По ночам он спал беспокойно, видел сны, а под утро часто просыпался. Днем было жарко, ночью тепло; на улицах было людно круглые сутки, а окна были распахнуты, так что Вяйски отчетливо слышались обрывки разговоров и шум, с которым захлопывались дверцы такси. Прямо под окном проходила оживленная улица, а немного в стороне был парк, в парке протекал ручей, через который был переброшен белый мостик. Улица вела к морю и заканчивалась в порту, часть улицы была украшена разноцветными фонарями в честь того, что городу исполнялось сто лет. Этот город был незнаком Вяйски и нравился ему.

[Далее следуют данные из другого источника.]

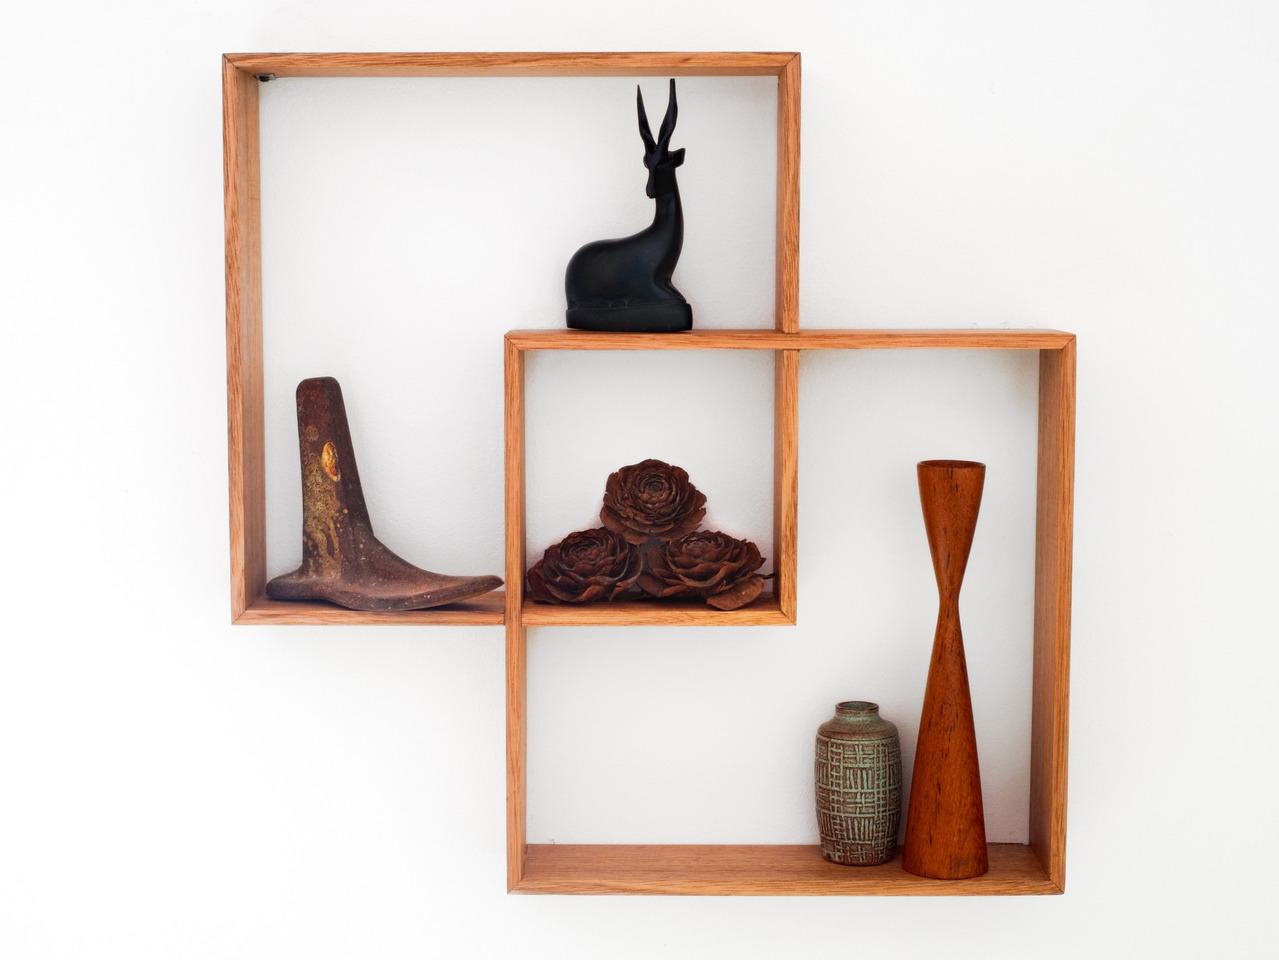 Furniture Box 2 Box Shadow Box Shelf By Senkki Furniture Handkrafted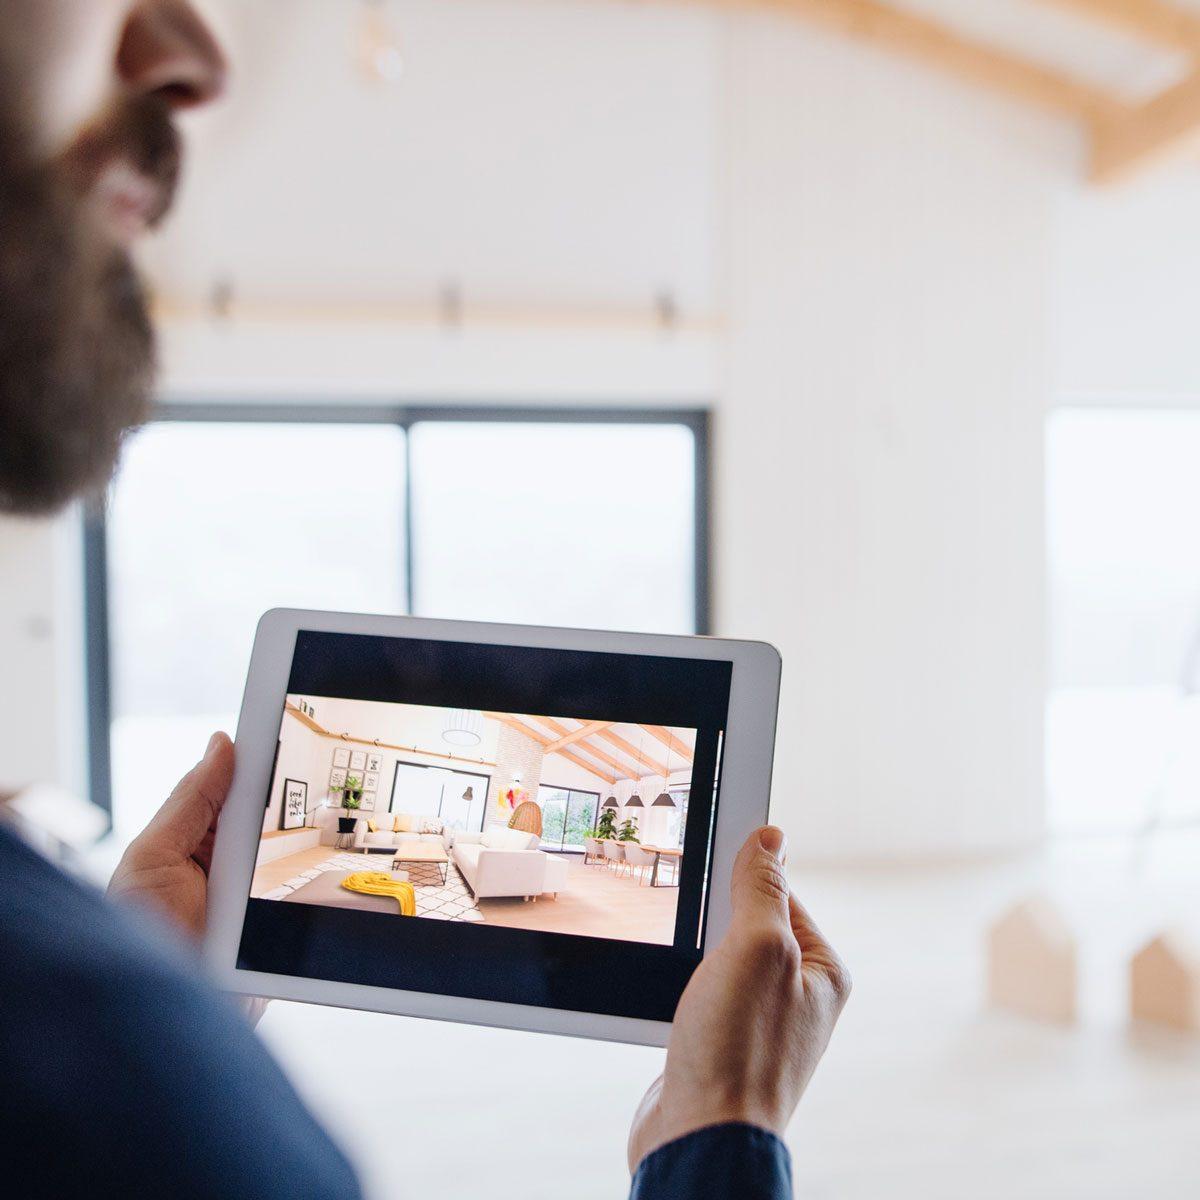 Digital rendering of interior design layout

Днем Вяйски писал свой памфлет. Он нервничал. Памфлет слишком смахивал на исповедь и в то же время получался каким-то нечленораздельным, словно журчание воды. В качестве эпиграфа он выбрал строки из рассказа Чехова «Моя жизнь», в которых Полознев говорит: «Рядом с процессом постепенного развития идей гуманных наблюдается и постепенный рост идей иного рода. Крепостного права нет, зато растет капитализм. И в самый разгар освободительных идей, так же как во времена Батыя, большинство кормит, одевает и защищает меньшинство, оставаясь само голодным, раздетым и беззащитным. Такой порядок прекрасно уживается с какими угодно веяниями и течениями, потому что искусство порабощения тоже культивируется постепенно». Однако Вяйски казалось, что содержание никоим образом не соответствует эпиграфу, что его мысли расплывчаты, слишком эмоциональны и лишены конкретной основы и что его ирония неудачна. Он не раз и не два начинал все сначала, прерывал работу, комкал исписанные листы и выбрасывал их.
— Пожалуй, ничего из этого не выйдет, — сказал он вслух и потер шею. До пояса голый, он сидел перед пишущей машинкой, широко расставив ноги. Окно было задернуто темно-красной шторой, и в комнате было душно. Натянув рубашку, он вышел на улицу и направился в сторону моря, стараясь при этом держаться в тени домов.
Для Вяйски этот город был похож на все приморские города, издалека порт казался точно таким же, как все прочие порты, мимо которых проходишь, задумавшись о своем, и ничуть не удивляешься большим кораблям, пришедшим сюда издалека. Он медленно шел в сторону порта, потом остановился у парапета и стал глядеть на грязную воду. Его внимание привлекли сложенные в штабеля тюки с целлюлозой, он удивился огромному их количеству и вдруг заметил между штабелями какое-то необычное оживление.
В слепящем, нестерпимо ярком солнечном свете медленно и продуманно, как в кино, двигались две группы людей. Одни были в спецовках и направлялись к судам, другие вышли откуда-то сбоку им наперерез и начали что-то говорить спокойными голосами; среди них было несколько женщин, и у всех были в руках какие-то листки. Они были взволнованы. Вяйски подошел поближе. Среди тех, кто шел на работу, было много молодых парней, у большинства — длинные светлые волосы, и у всех на лицах выражение замкнутости и какого-то испуга. Те же, кто раздавал листовки, были в большинстве своем люди средних лет и выглядели так, как будто они век тут стояли.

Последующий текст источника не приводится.